◆ WHAT THE TASK REQUIRES ◆
Repeat the records below exactly from the line containing "Awake, O north" to the line containing "Abstract industrial, technology", taking in both of those lines. Drop the pictures.

◆ EXERCISE INPUTS ◆

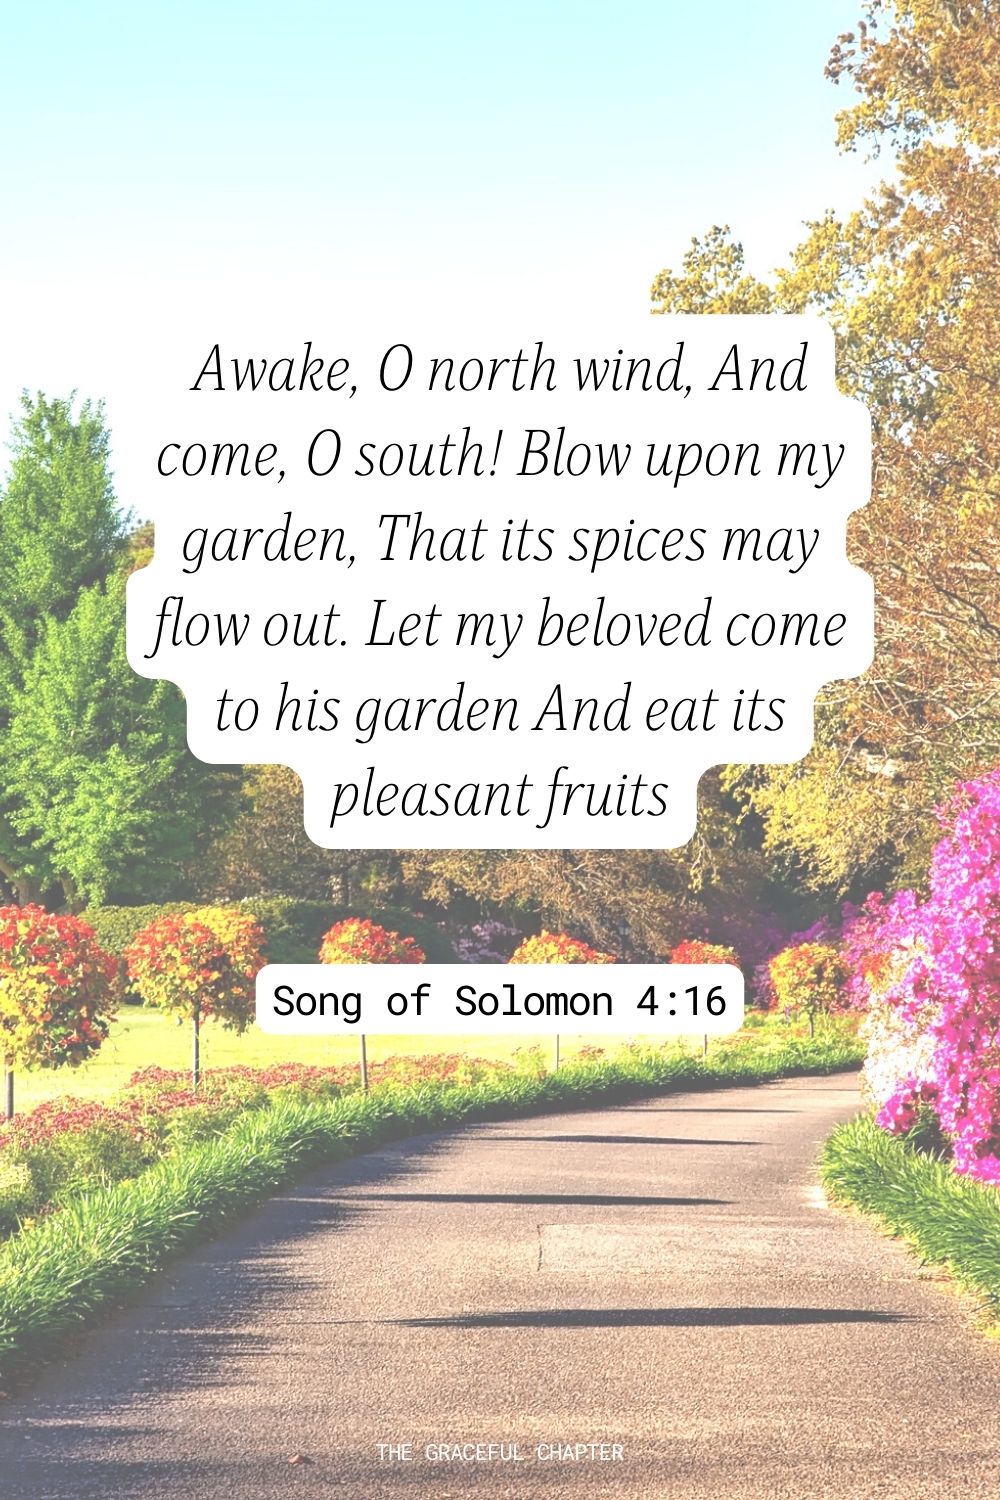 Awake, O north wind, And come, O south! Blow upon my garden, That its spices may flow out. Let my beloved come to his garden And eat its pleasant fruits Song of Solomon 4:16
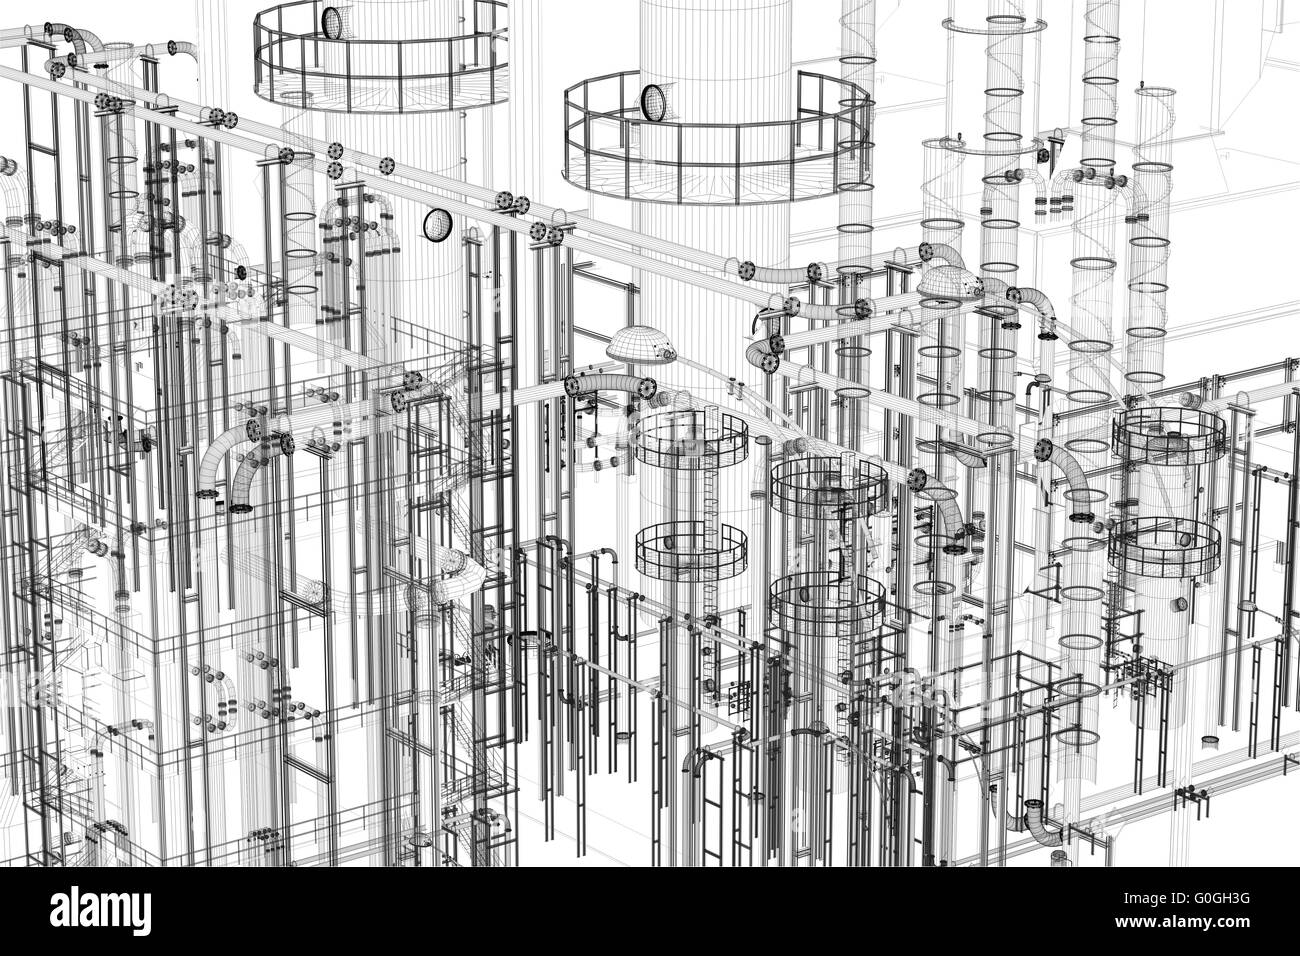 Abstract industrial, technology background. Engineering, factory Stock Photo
--
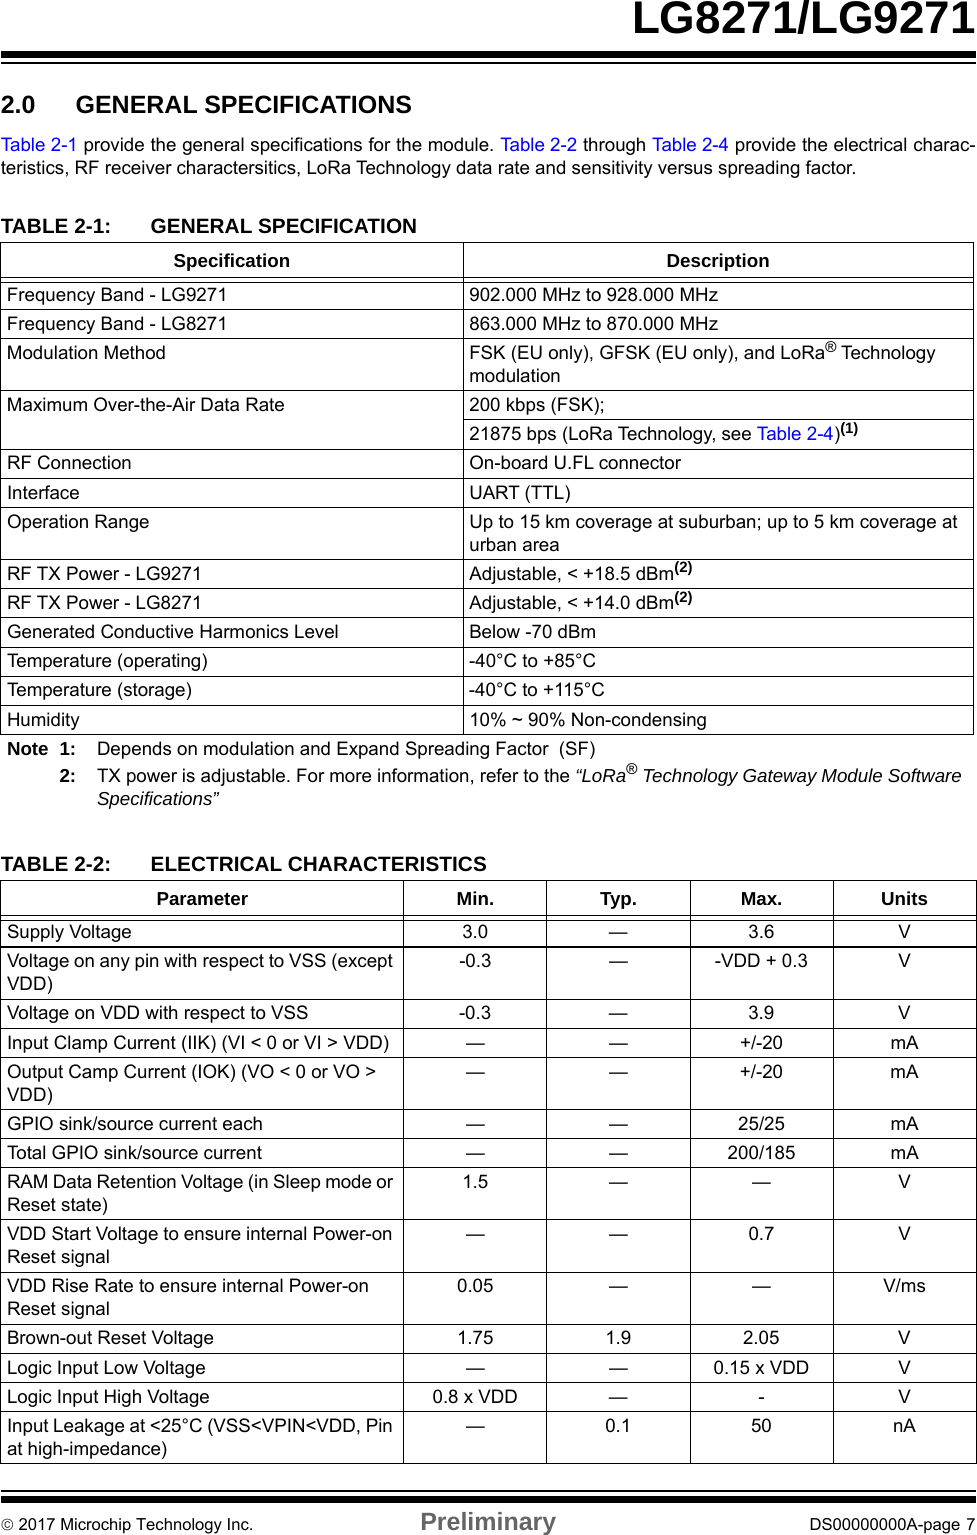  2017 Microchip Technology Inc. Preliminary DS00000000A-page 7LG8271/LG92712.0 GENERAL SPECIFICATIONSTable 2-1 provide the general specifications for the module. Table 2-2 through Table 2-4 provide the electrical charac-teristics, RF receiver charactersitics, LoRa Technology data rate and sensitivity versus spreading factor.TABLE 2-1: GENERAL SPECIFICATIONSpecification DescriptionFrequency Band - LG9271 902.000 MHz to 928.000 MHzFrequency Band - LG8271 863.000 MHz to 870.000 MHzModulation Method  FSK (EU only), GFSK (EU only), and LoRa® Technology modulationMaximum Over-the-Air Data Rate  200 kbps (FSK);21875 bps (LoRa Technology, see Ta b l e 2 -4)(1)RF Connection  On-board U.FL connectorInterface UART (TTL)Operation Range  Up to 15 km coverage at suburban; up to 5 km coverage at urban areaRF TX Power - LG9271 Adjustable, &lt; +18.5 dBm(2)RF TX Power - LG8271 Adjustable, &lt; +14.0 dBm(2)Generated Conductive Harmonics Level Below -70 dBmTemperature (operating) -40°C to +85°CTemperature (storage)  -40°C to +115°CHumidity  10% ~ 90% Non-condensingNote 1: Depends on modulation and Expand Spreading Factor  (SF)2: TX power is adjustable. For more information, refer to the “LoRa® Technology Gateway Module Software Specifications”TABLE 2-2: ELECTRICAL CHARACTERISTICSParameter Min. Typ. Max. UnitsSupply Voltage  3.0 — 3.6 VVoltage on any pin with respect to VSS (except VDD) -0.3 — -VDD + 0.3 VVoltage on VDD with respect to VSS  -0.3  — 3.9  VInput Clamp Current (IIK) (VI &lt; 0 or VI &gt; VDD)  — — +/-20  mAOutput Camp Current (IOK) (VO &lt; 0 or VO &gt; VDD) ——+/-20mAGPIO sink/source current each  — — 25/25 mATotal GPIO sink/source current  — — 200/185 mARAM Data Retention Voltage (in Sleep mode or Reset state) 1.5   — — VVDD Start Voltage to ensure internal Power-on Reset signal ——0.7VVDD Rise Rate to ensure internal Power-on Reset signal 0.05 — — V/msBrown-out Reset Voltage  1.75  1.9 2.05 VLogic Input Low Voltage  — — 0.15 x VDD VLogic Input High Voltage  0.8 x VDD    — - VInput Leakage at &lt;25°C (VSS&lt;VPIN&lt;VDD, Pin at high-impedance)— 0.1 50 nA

◆ THE ANSWER ◆
 Awake, O north wind, And come, O south! Blow upon my garden, That its spices may flow out. Let my beloved come to his garden And eat its pleasant fruits Song of Solomon 4:16
 Abstract industrial, technology background. Engineering, factory Stock Photo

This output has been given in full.